Up until 1989, Russian was the dominant foreign language taught in Czech schools. But, aside from historic reasons, the main cause of the current situation is financial.
Money matters
Despite steady pay increases in recent years — this year, elementary-school teachers are getting a 5 percent raise — the base salary of a freshly minted teacher still remains between 13,150 and 14,280 Kč and that of a teacher with at least 32 years of teaching experience between 19,810 and 23,280 Kč, according to the Education Ministry.
This is hardly enough to compete with a private sector that is willing to pay large premiums for active English speakers.
And, although school principals can selectively award bonuses that can amount to as much as 100 percent of the teachers’ base salary, few do this for fear of alienating teachers of other subjects.
“All we can offer is job security, the holidays off and that just before retirement [the teacher] will maybe have the salary of a high-school graduate starting his first job in Prague,” Principal Sekanina says. “That’s all.”
Another reason is that teaching elementary-school children, who come with a wide range of learning abilities and sometimes disciplinary problems, is a lot harder than teaching the select group that goes on to high schools. “Children are not sitting with their hands behind their backs, and their twinkling eyes are not always thirsting for the teacher’s knowledge,” Tomáš says.
Some recently graduated teachers who have gone to work for public elementary schools also find the work intellectually dulling. “At the elementary level, I will not use almost any of what I have learnt about American or English literature,” says Tomáš Fišer, a 24-year-old English teacher at the 6th Elementary School in Cheb.
Fišer, who took the job two years ago and is already starting to ponder an exit for the private sector, says he also feels as though his active knowledge of the language is suffering due to little contact with native English speakers, who are practically absent from elementary schools.
Beating the odds
Those are high odds against teaching conditions at elementary schools improving any time soon.
With education already being the second-largest expenditure of the state budget, after social security, it is unlikely to expect teachers’ salaries to rise more quickly in the near future, the Education Ministry’s Roupec says.
And, despite the fact that qualifications of many teachers have improved in recent years, along with their numbers as a result of various retraining programs financed by the government and the European Union, the demand for learning English has been growing just as fast, if not faster.

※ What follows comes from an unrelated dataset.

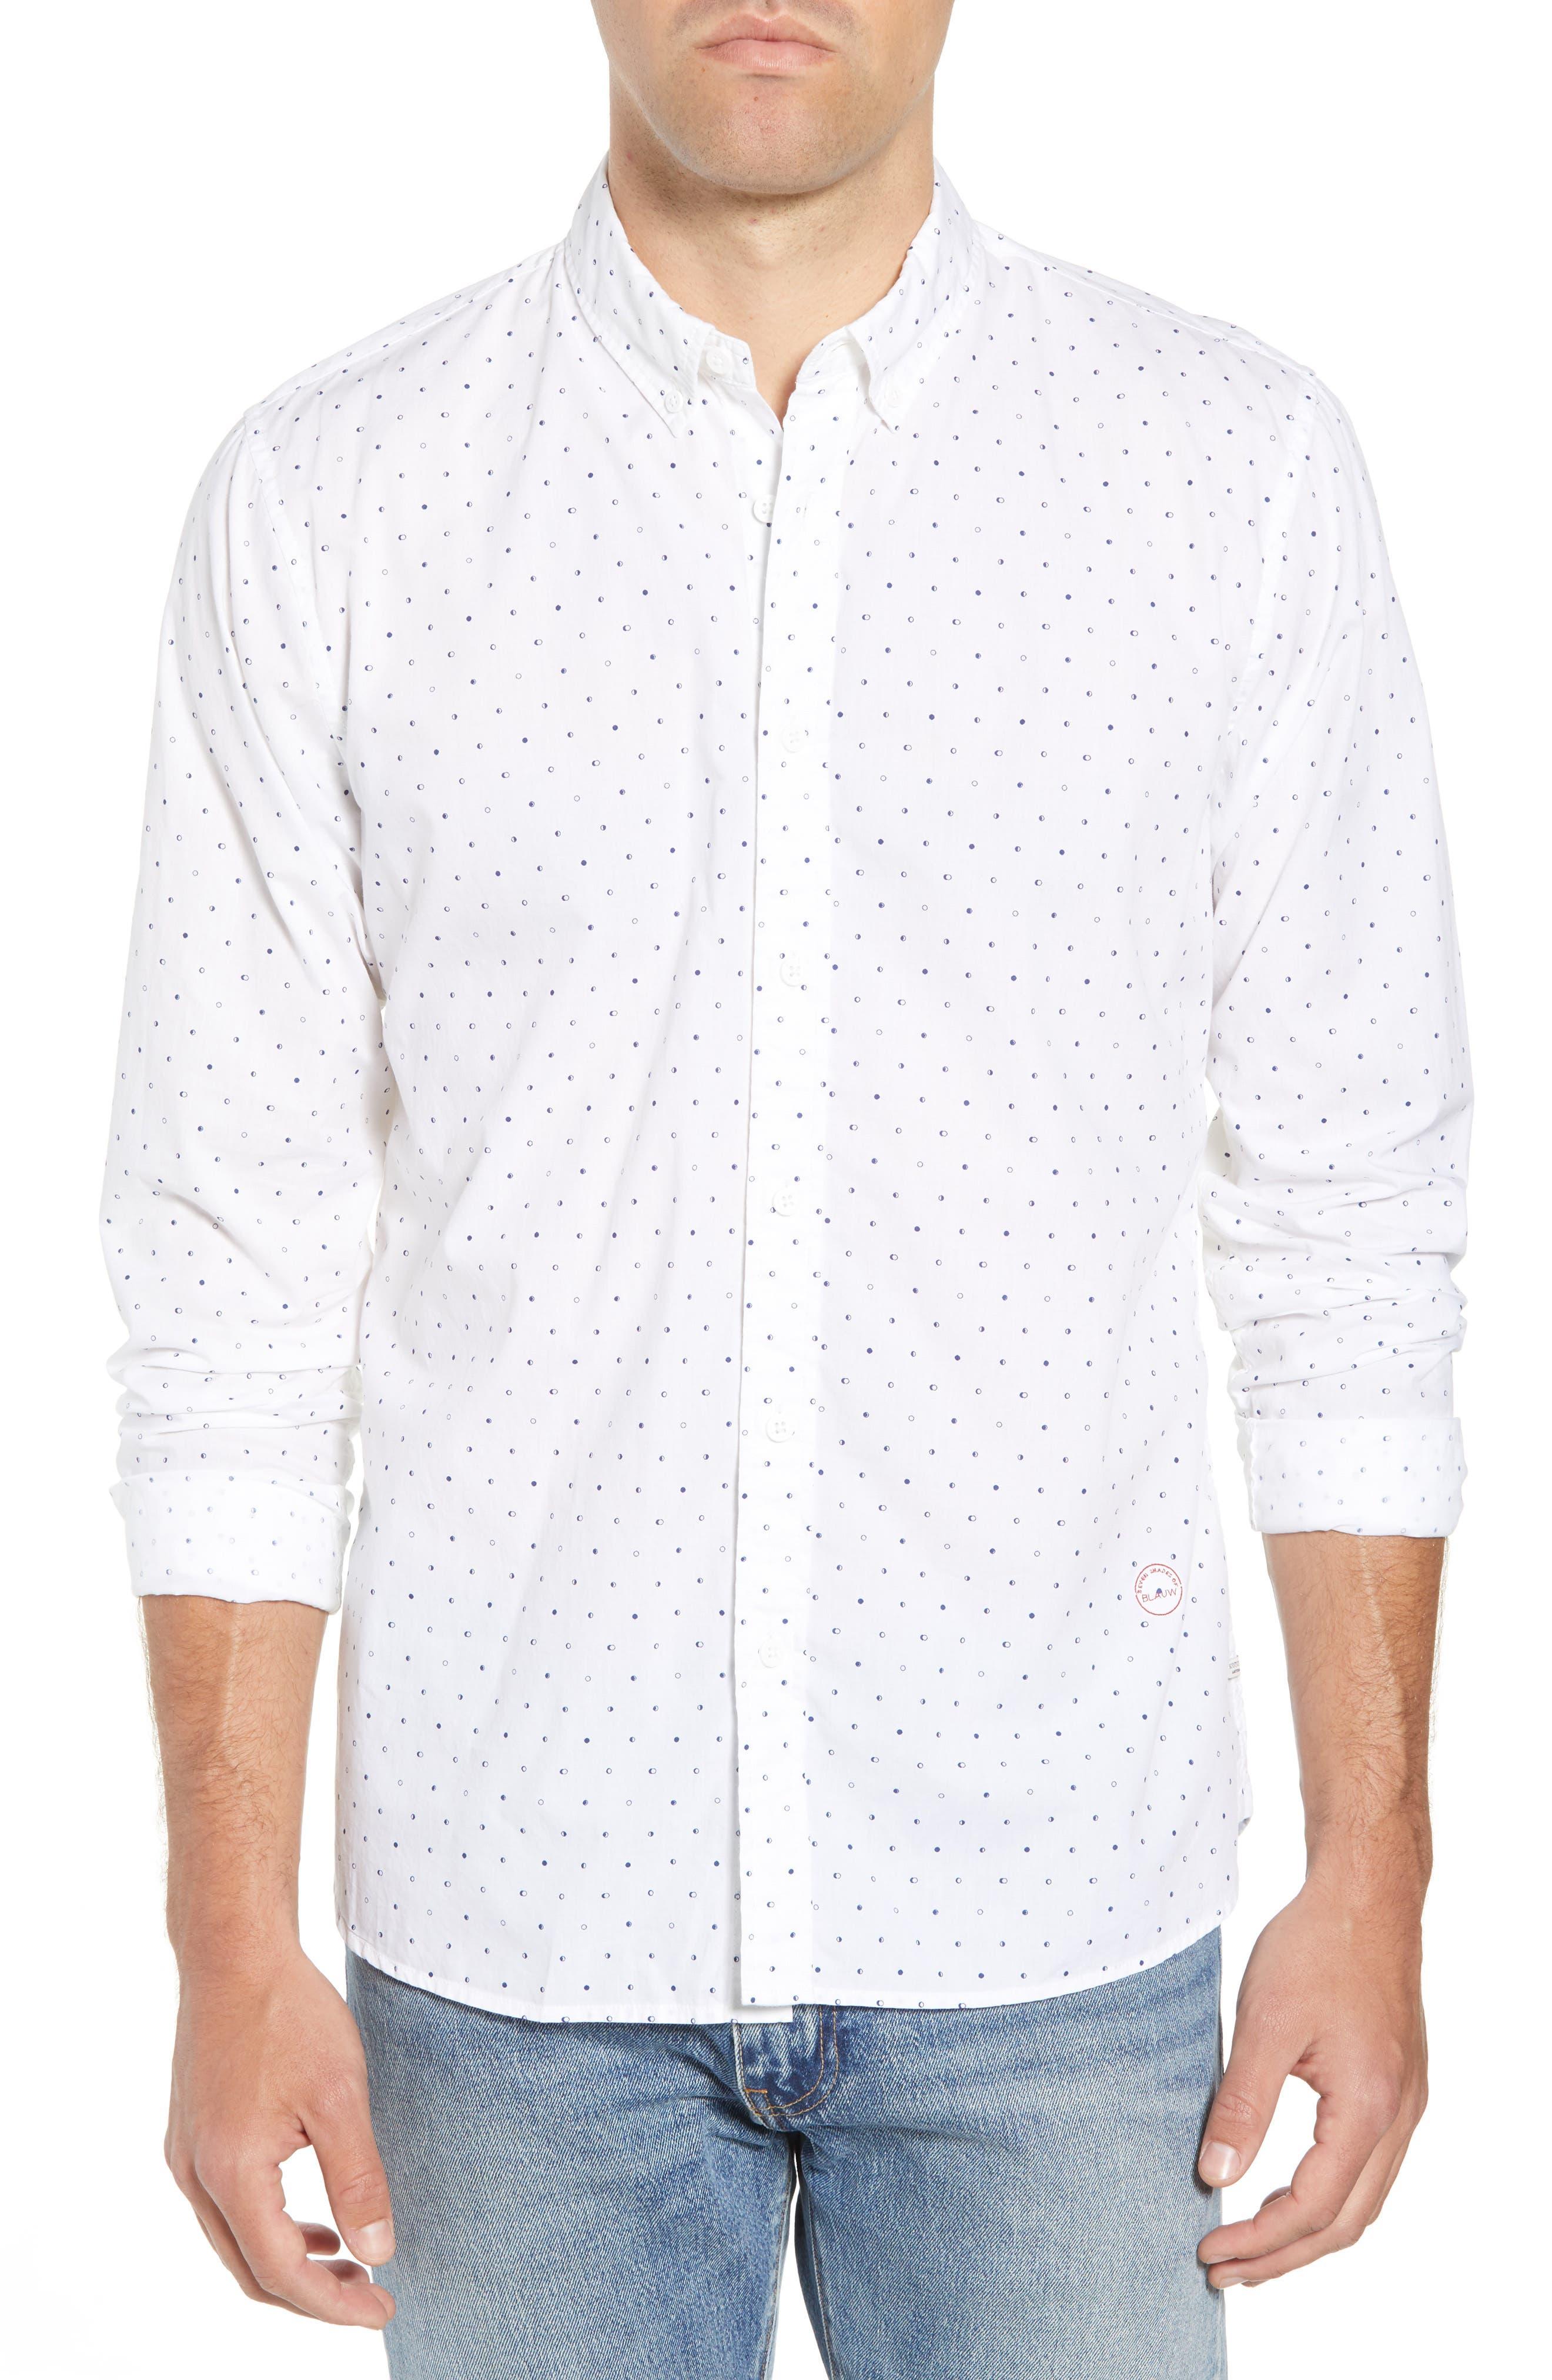 Amsterdams Blauw Simple Light Print Sport Shirt,                         Main,                         color, 110

What would help, many educators agree, is a revision of the strict standards on which teaching qualifications are judged and that threaten to exclude many teachers without university qualifications by Jan. 1, 2010. The standards are currently under review by the Education Ministry.
What might also help is better PR for public schools, Fišer says. “All one hears is that there is no money [to be made] and that children misbehave,” Fišer says. “I can’t complain.”
Still, if Fišer were not pooling his salary with that of his girlfriend, an English teacher at a private-language school, he might view things differently. “If I were alone and had to pay for the apartment, I could hardly make ends meet,” he says.